Se dispuso a dejar el cigarro en aquel cenicero de cristal azulado que había


portado consigo desde la mesa camilla del pasillo, donde recordó a sus familiares y

amigos más queridos entre los que estaba su novio, a quien no veía desde hacía más

de tres semanas. Supuso que estaría preparando las oposiciones que tenía al día

siguiente para acceder a aquel puesto que le era necesario para terminar de pagar

los plazos del piso.

Mientras tanto, el cigarro se consumía dejando tras de sí una estela que hechizaba

el aposento Lo volvió a coger y le dio consecutivas caladas alternando con

pequeñas tomas de aire. En el cenicero quedaban las cenizas, alternativa de la

bimembración que ocurría cada vez que se fumaba alguno de aquellos “rubios”, en

los que ponía todo su empeño, a la par que la imagen de la joven se iba

desvaneciendo con cada chupada a ese cigarro..

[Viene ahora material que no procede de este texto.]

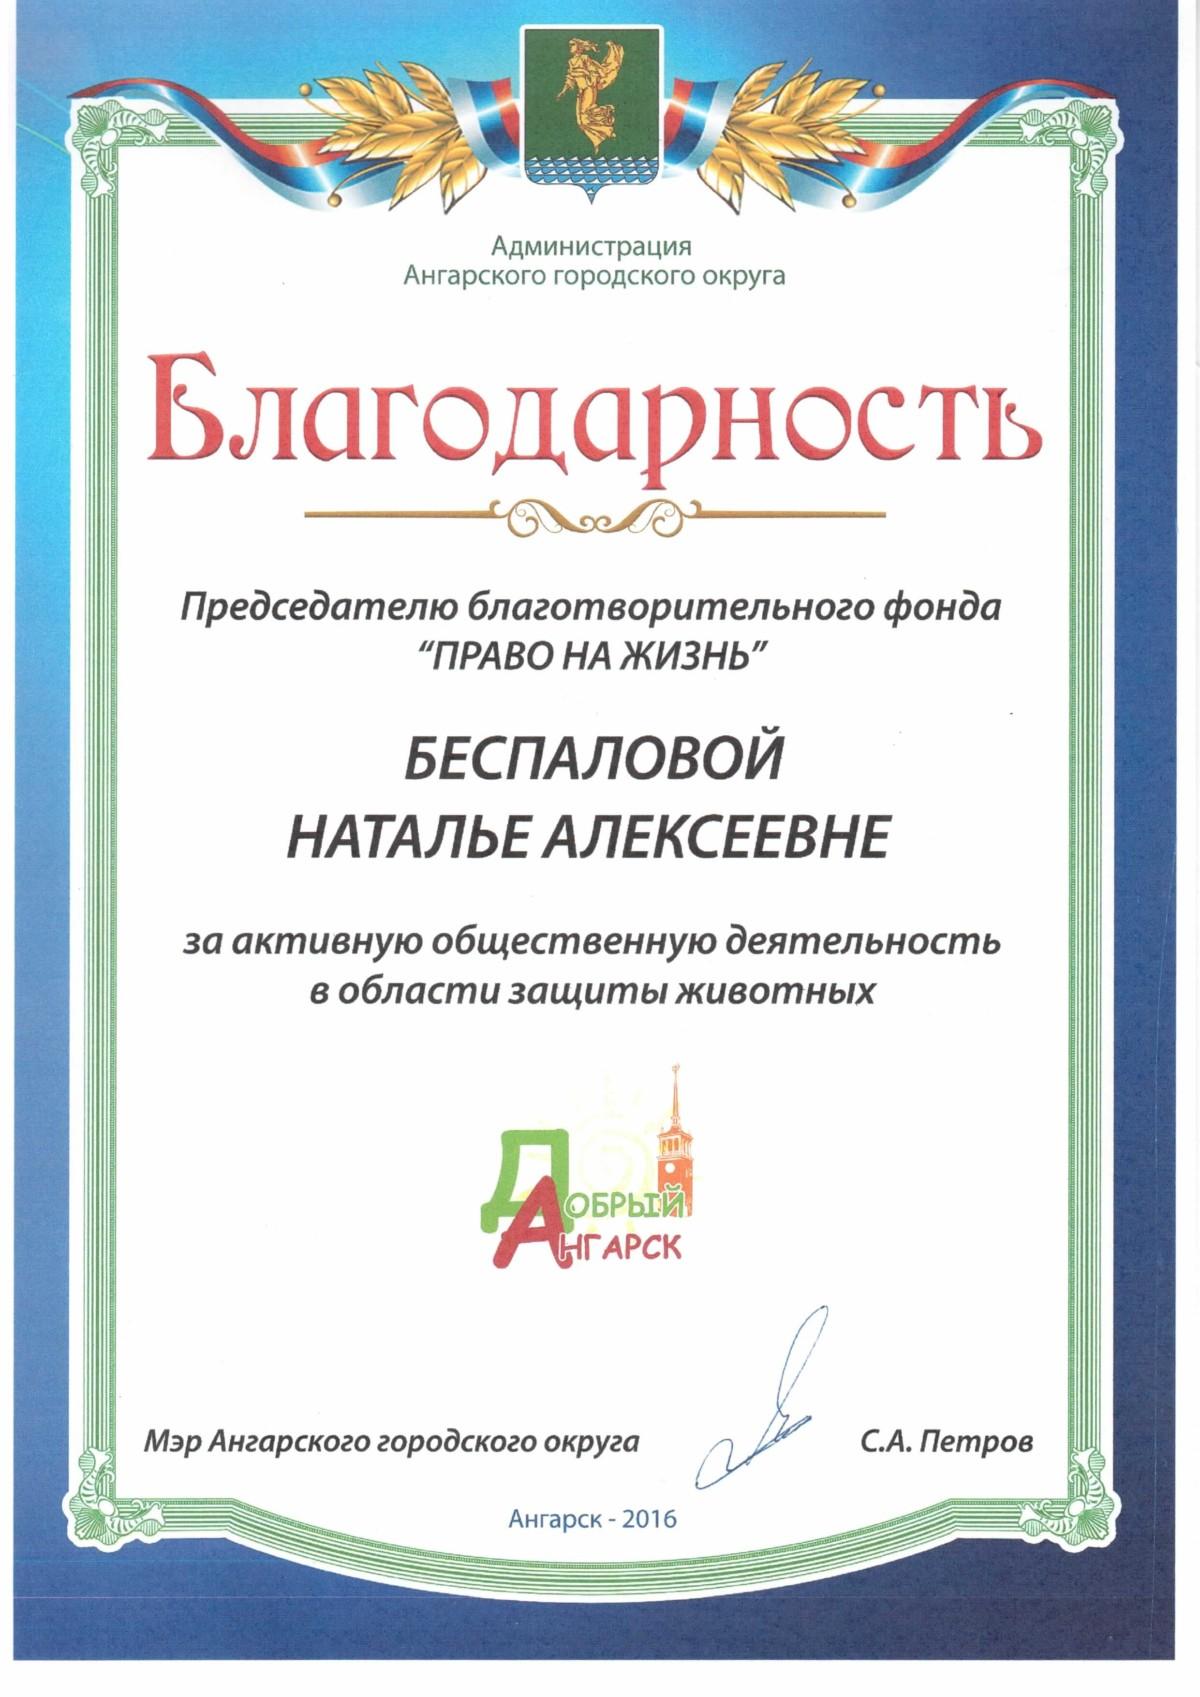 Благодарность мэр АГО Петров 2016 год

No hubo tiempo a que ella, —lo que quedaba de ella—y hubiese terminado aquel

pitillo, cuando su propia luz espectral vino a desvanecerse por completo. Había

pasado a ser algo liviano sin peso. Sobre el cenicero azulado quedaban las pavesas

del cigarrillo y una atmósfera cargada de su aroma, que colmé la habitación con

los vestigios de la corporeidad ligada a un suspiro de su alma.